I think we should.  I believe Willie is at an appointment and may not be 
back in time for our meeting slot today.

I also wonder about whether we should meet on the 15th, or the 22nd.  
The CSUN conference is March 21-25, and at least one of us will be at 
the "What's new in GNOME & Java Accessibility" talk from 10:40 to 
11:40am PT on the 22nd (that'd be me, who is co-presenting that talk).  
And the week before I know some of us will still be busy in conference 

> Bill
>> Olaf Jan Schmidt writes:
>>> Hi!
>>> For those who are not subscribed to accessibility at freedesktop.org I 
>>> am forwarding the latest draft for the joint TTS API that we need 
>>> for reworking kttsd and SpeechDispatcher.
>>> Hynek has written an introduction that summarises our approach. I 
>>> hope it helps our discussion on Wednesday.
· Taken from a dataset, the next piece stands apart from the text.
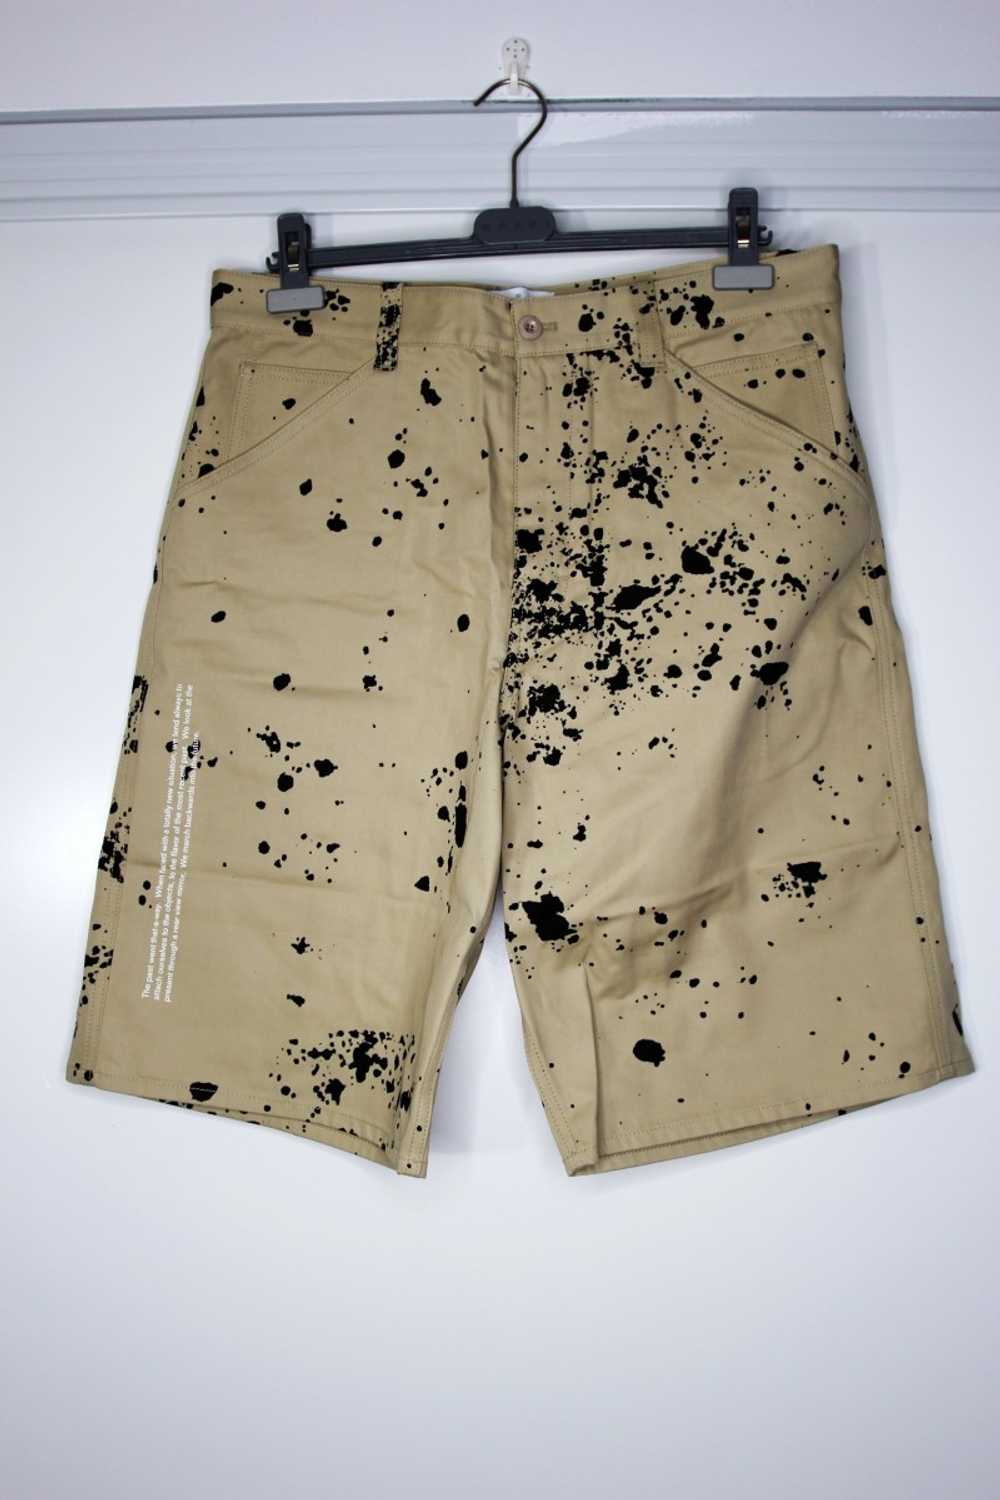 BNWT SS19 OAMC ORION SHORTS 32 - image 2

>>> Please cc the freedesktop.org list in your comments, because I want 
>>> to make sure that there is at least one place where all the email 
>>> discussion goes.
>>> Olaf
>>> -- 
>>> Olaf Jan Schmidt, KDE Accessibility co-maintainer, open standards 
>>> accessibility networker, Protestant theology student and webmaster 
>>> of http://accessibility.kde.org/ and http://www.amen-online.de/
>> Content-Description: Hynek Hanke <hanke at brailcom.org>: 
>> [Accessibility] TTS API document + introduction
>>> From: Hynek Hanke <hanke at brailcom.org>
>>> To: "Accessibility, Freedesktop" <accessibility at freedesktop.org>
>>> Hello,
>>> here is the latest version of the TTS API document with a new
>>> introduction section trying to summarize the previous private and
>>> public discussions on this topic. Comments are welcomed.
>>> With regards,
>>> Hynek Hanke
>>> Changes
>>> =======
>>> * Introduction was written (clarification of intent, scope)
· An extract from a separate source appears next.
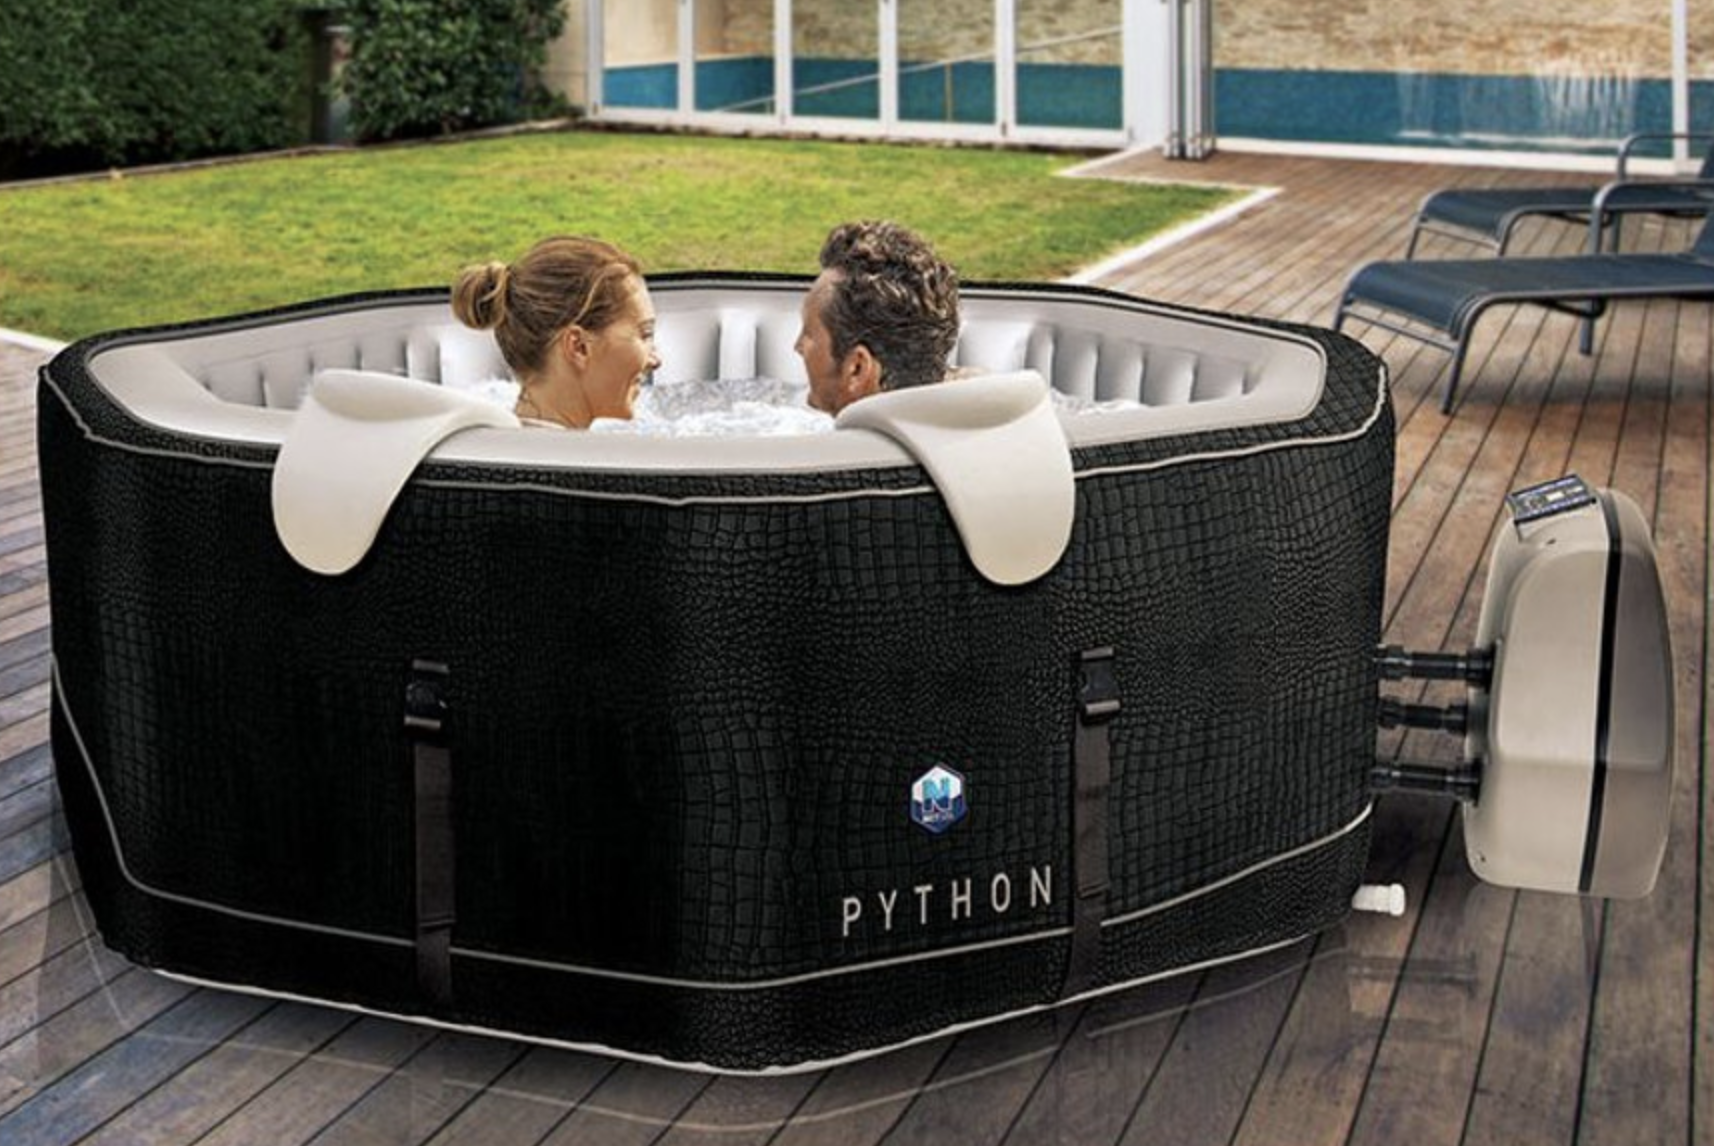 Spa gonflable Python octogonal Bulles 5-6 places Netspa

>>> * Clarification of the meaning of MUST HAVE, SHOULD HAVE
>>> * Point (4.11) was removed as not directly important for accessibility
>>> (after discussions with Willie Walker who requested the point)
>>> * Point (4.13) was removed because its purpose is not clear.
>>>  Even if this functionality is needed, the 's' SSML element is
>>>  not a good way to do it.
>>> * Reformulation of (1.4), added 'temporarily' to (3.2), 'software
>>>  synthesizers' in (4.4), terminology in (4.13),
>>>  clarification in (B.1.3/2) and (B.1.3/3)
>>> Common TTS Driver Interface
>>> ============================
>>> Document version: 2006-03-06
>>> The purpose of this document is to define a common low-level interface
>>> to access the various speech synthesizers on Free Software and Open
>>> Source platforms. It is designed to be used by applications that do
>>> not need the advanced functionality like message management and by
>>> applications providing high-level interfaces (such as Speech
>>> Dispatcher, Gnome Speech, KTTSD etc.)  The purpose of this document is
>>> not to define and force an API on the speech synthesizers. The
>>> synthesizers might use different interfaces that will be handled by
>>> their drivers.
>>> This interface will be implemented by a simple layer integrating
>>> available speech synthesis drivers and in some cases emulating some of
>>> the functionality missing in the synthesizers themselves.
>>> Advanced capabilities not directly related to speech, like message
>>> management, priorities, synchronization etc. are left out of scope for
>>> this low-level interface. They will be dealt with by higher-level
>>> interfaces. (It is desirable to be able to agree on a common
>>> higher-level interface too, but agreeing first on a low-level
>>> interface is an easier task to accomplish.) Such high-level interface
>>> (not necessarily limited to speech) will make good use of the already
>>> existing low-level interface.
>>> It is desirable that simple applications can use this API in a simple
>>> way. However, the API must also be complex enough so that it doesn't
>>> limit more advanced applications in use of the synthesizers.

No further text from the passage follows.